Capsaicin, the natural occurring active component of chili peppers, has a demonstrated anti-obesity effect. Recent reports indicate that capsaicin reduced the body weight gain, hepatic lipid accumulation and insulin resistance induced by HFD [14-15]. The adipose tissue may be the main target of capsaicin. Based on the above observations, we decided to test whether capsaicin and antibiotics co-treatment would exhibit beneficial effects for both intestine and adipose tissue during HFD.
HFD altered TRPV1 expression in the perigonadal visceral adipose tissue
HFD has been reported to reduce TRPV1 expression in the visceral adipose tissue . We examined the expression of TRPV1 which serves as the receptor for capsaicin [17-18] in the adipose tissue to confirm their association. TRPV1 mRNA (Figure 1A) and protein (Figure 1B) levels were dramatically decreased after chronic HFD in perigonadal visceral adipose tissue. Our data confirmed that the capsaicin-associated pathway may influence HFD induced abnormalities.
Figure 1: HFD reduced TRPV1 expression in adipose tissue. C57BL/6 male mice were fed with a normal chow diet (n = 6) or high fat diet (n = 10) for 17 weeks. A. The mRNA level of Trpv1 in the perigonadal visceral adipose tissue was detected. B. The immunohistochemistry staining for TRPV1. Scale bar, 100 μm. Results are expressed as mean ± SEM. *p < 0.05.

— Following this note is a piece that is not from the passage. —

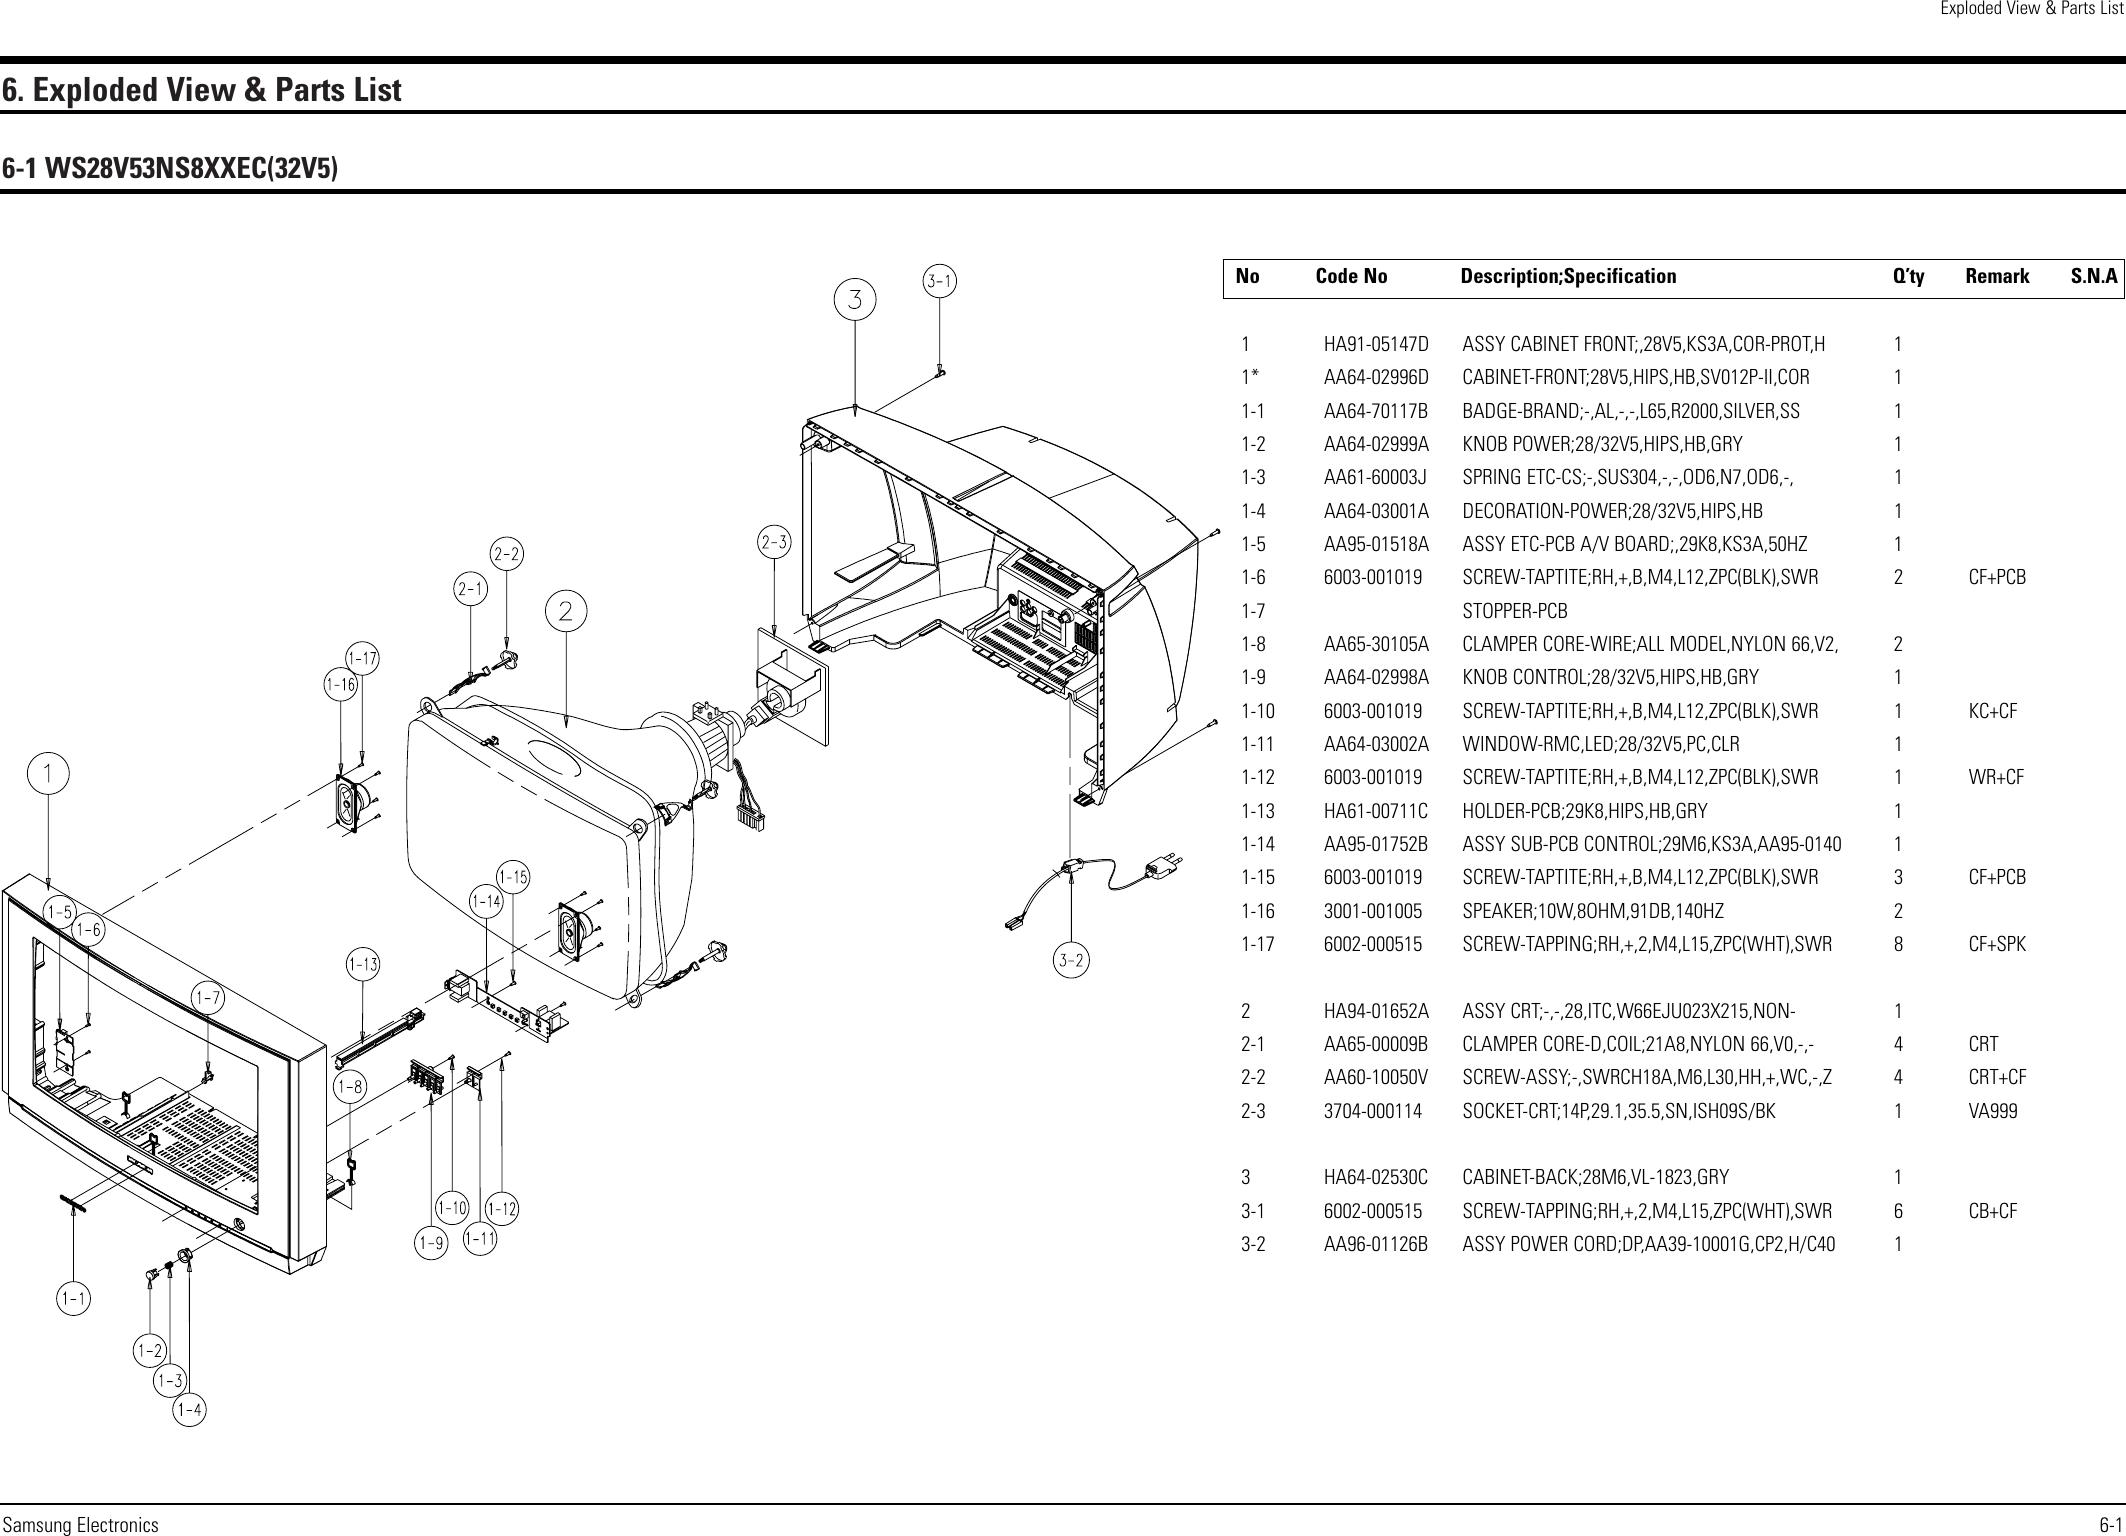 Samsung Ws28V53Ns8Xxec Users Manual KS3A 0820 COVER

HFD leads to enteric dysbiosis in mice
Next, we determined how HFD affects gut microbiome. Total bacterial load in the cecum displayed an increasing trend after HFD but without significance (Figure 2A). To further explore the bacterial composition in the gut, we performed 16S sequencing for the DNA from cecal content. As shown in Figure 2B, the values of alpha diversity, which is represented by PD whole tree, Shannon and Observed species, were all increased after HFD compared with NC. Moreover, the percentage of Actinobacteria, Bacteroidia, and Verrucomicrobiae were also significantly altered in HFD mice (Figure 2C). Both unweighted and weighted principal components analysis (PCoA) revealed the NC and HFD clusters could be completely separated (Figure 2D). These data confirmed that HFD could disrupt enteric eubiosis.

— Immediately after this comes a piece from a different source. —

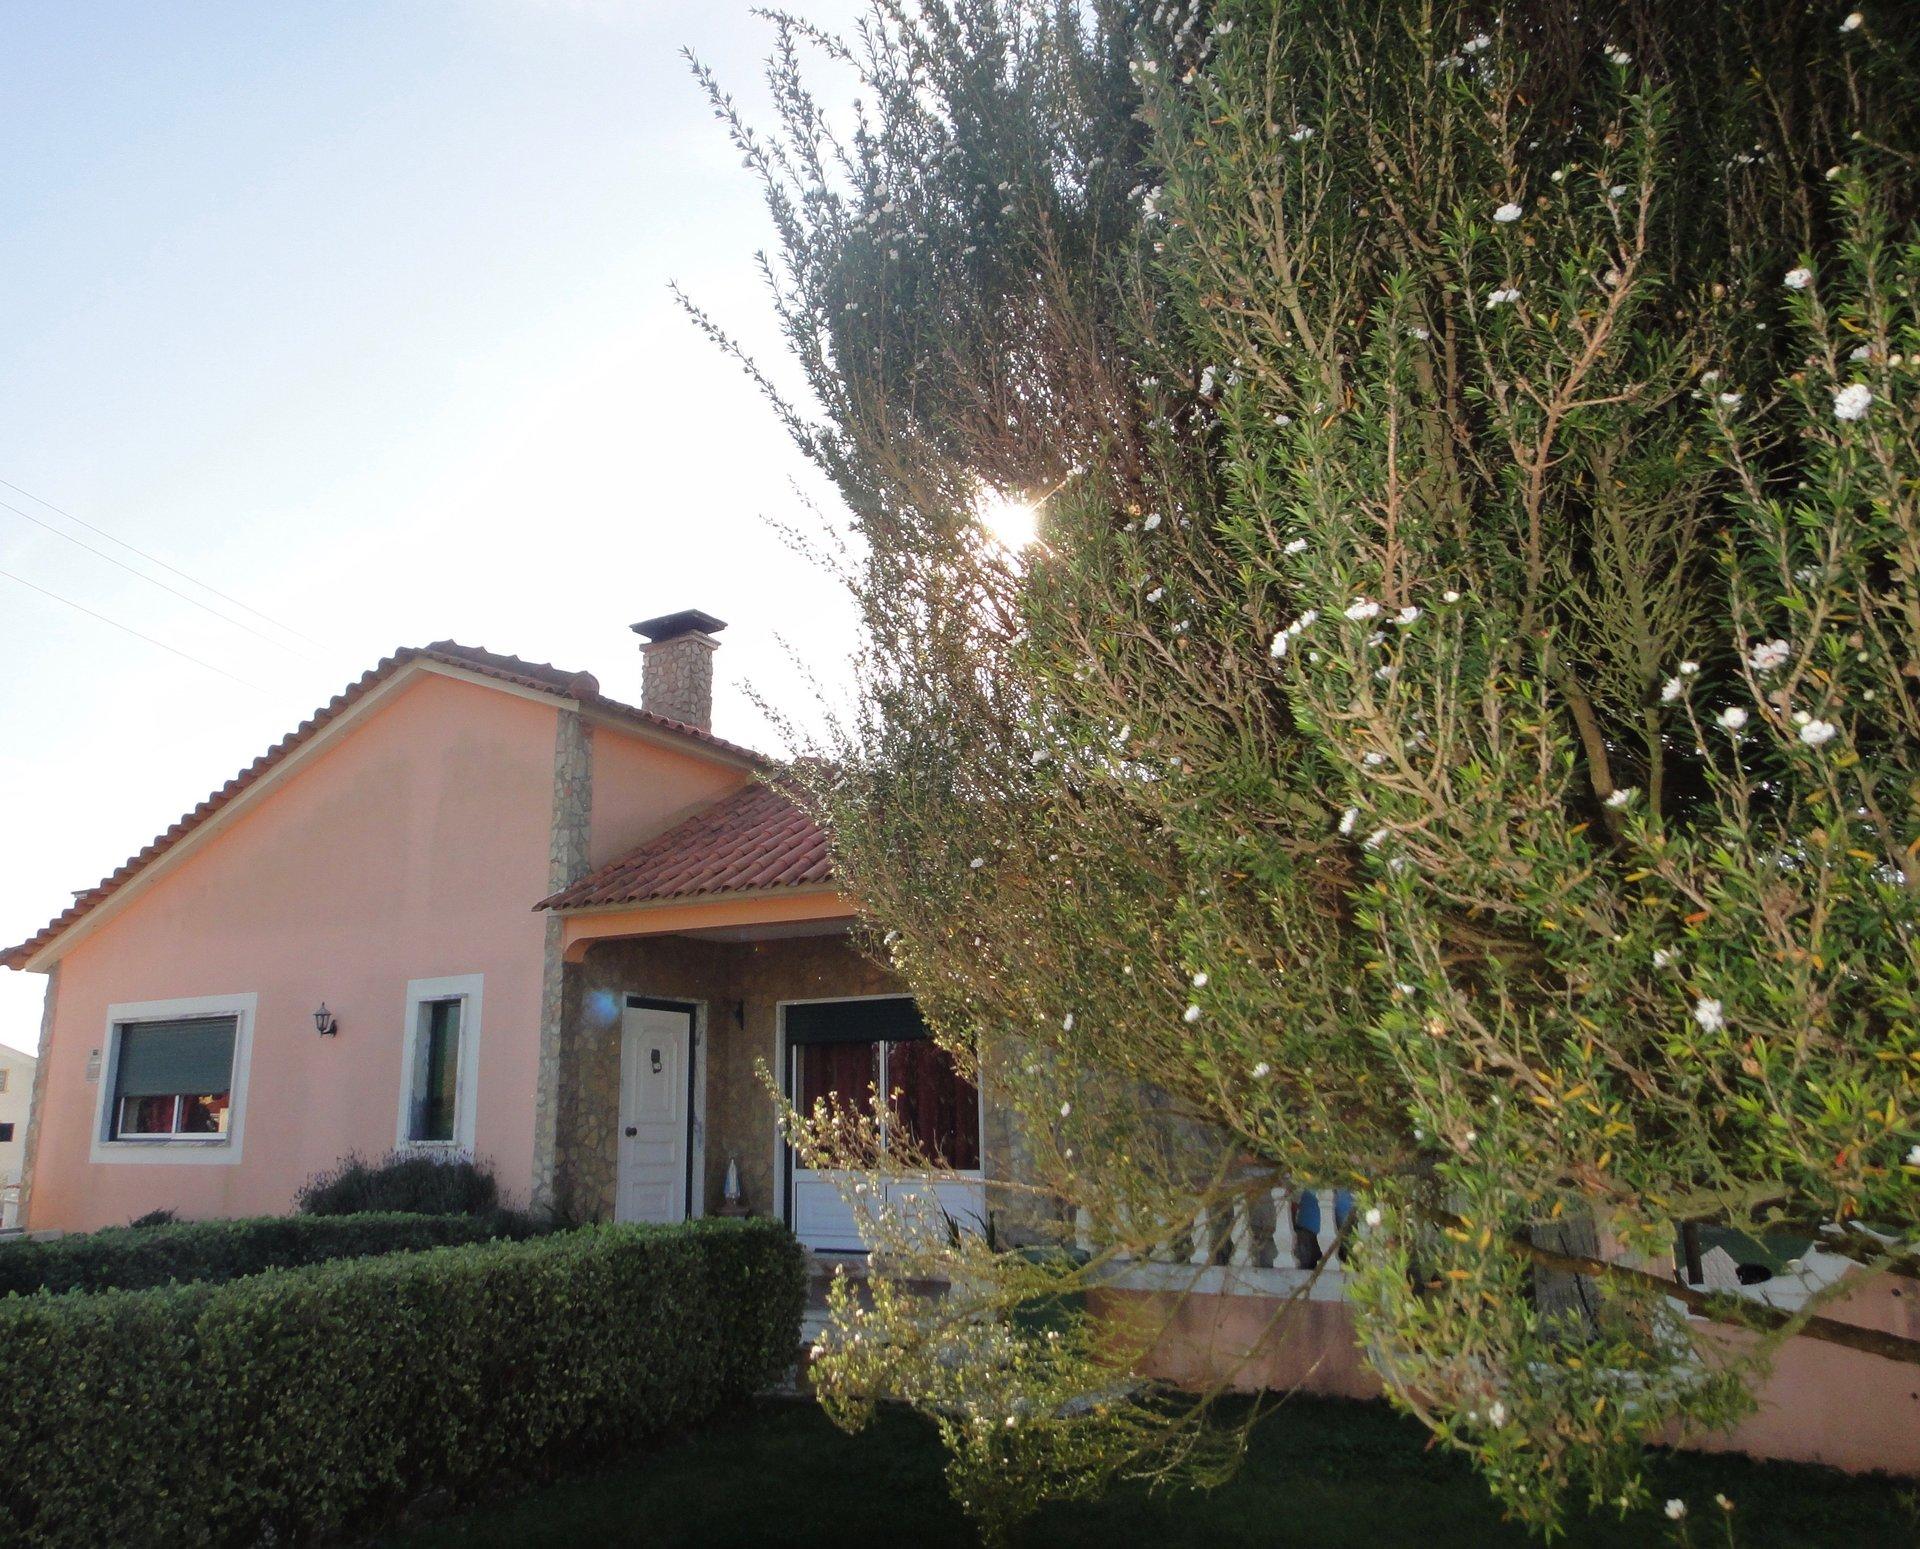 3 Bedroom Villa Reguengo Grande, Silver Coast Ref: AV2052

Figure 2: HFD caused enteric dysbiosis. C57BL/6 male mice were fed with a normal chow diet (n = 5) or high fat diet (n = 7) for 17 weeks. A. total bacterial load in the cecum; B. the value of PD whole tree, Shannon and Observed species diversity; C. the percentage of indicated class; D. the PCoA analysis. Results are expressed as mean ± SEM. *p < 0.05.
In addition, capsaicin had been reported to alter gut microbial composition . Figure 3A-3B confirmed that capsaicin could affect the gut microbiota as evidenced by decreased Firmicutes, increased Bacteroidetes and impaired Firmicutes/Bacteroidetes ratio in the cecum of HFD and capsaicin co-treated mice compared with HFD mice. To test whether altered microbiota induced by capsaicin exhibited physiological effects, we transplanted HFD + Cap-fed mice feces into HFD-fed mice, and monitored the body weight change. Figure 3C showed that the feces from HFD + CAP-fed mice could not reduce body weight gain induced by high fat diet. This result suggested that although the capsaicin can cause the gut microbial composition change, such alteration may not display physiological functions.
Figure 3: Effects of capsaicin on gut microbiota. C57BL/6 male mice were fed with a normal chow diet (n = 5) or high fat diet (n = 5-9). A. relative abundance of Firmicutes, Bacteroidetes and B. Firmicutes/Bacteroidetes ratio in the cecum; C. Body weight gain after 12 weeks HFD feeding. Results are expressed as mean ± SEM. *p < 0.05.
Antibiotics, but not capsaicin, dramatically reduced intestinal inflammation and leakiness induced by HFD
Because intestinal pathophysiological status plays a key role in HFD induced abnormalities, we examined how capsaicin and antibiotics affect gut (ileum) during HFD. First, both Firmicutes and Bacteroidetes which were the 2 main phyla in the gut were almost undetected in antibiotics treatment group, indicating the antibiotics treatment was successful (Figure 3A). Intestinal inflammation characterized by the expression of key cytokines/chemokines, such as Tnfa, Ifng and Ccl4 was dramatically decreased in both HFD + ABX and HFD + Cap + ABX groups, whereas capsaicin did not affect the expression of these inflammatory factors (Figure 4A). We further measured the levels of Tlrs (Tlr2, Tlr4), MAPK (p-38) and CDs (Cd2 and Cd68), key molecules involved in inflammatory response. Tlr4 was significantly decreased in HFD fed animals treated with Cap + ABX but not in animals treated with antibiotics or capsaicin alone. Tlr2 and Cd68 exhibited a decreasing trend in both HFD + ABX and HFD + Cap + ABX groups but not in HFD + Cap mice. Antibiotics or capsaicin alone reduced the expression of Cd2 and p-p38 while co-treatment further decreased the expression of these molecules (Figure 4B-4D). These data indicate that antibiotics significantly reduced gut inflammation while capsaicin’s benefits were limited.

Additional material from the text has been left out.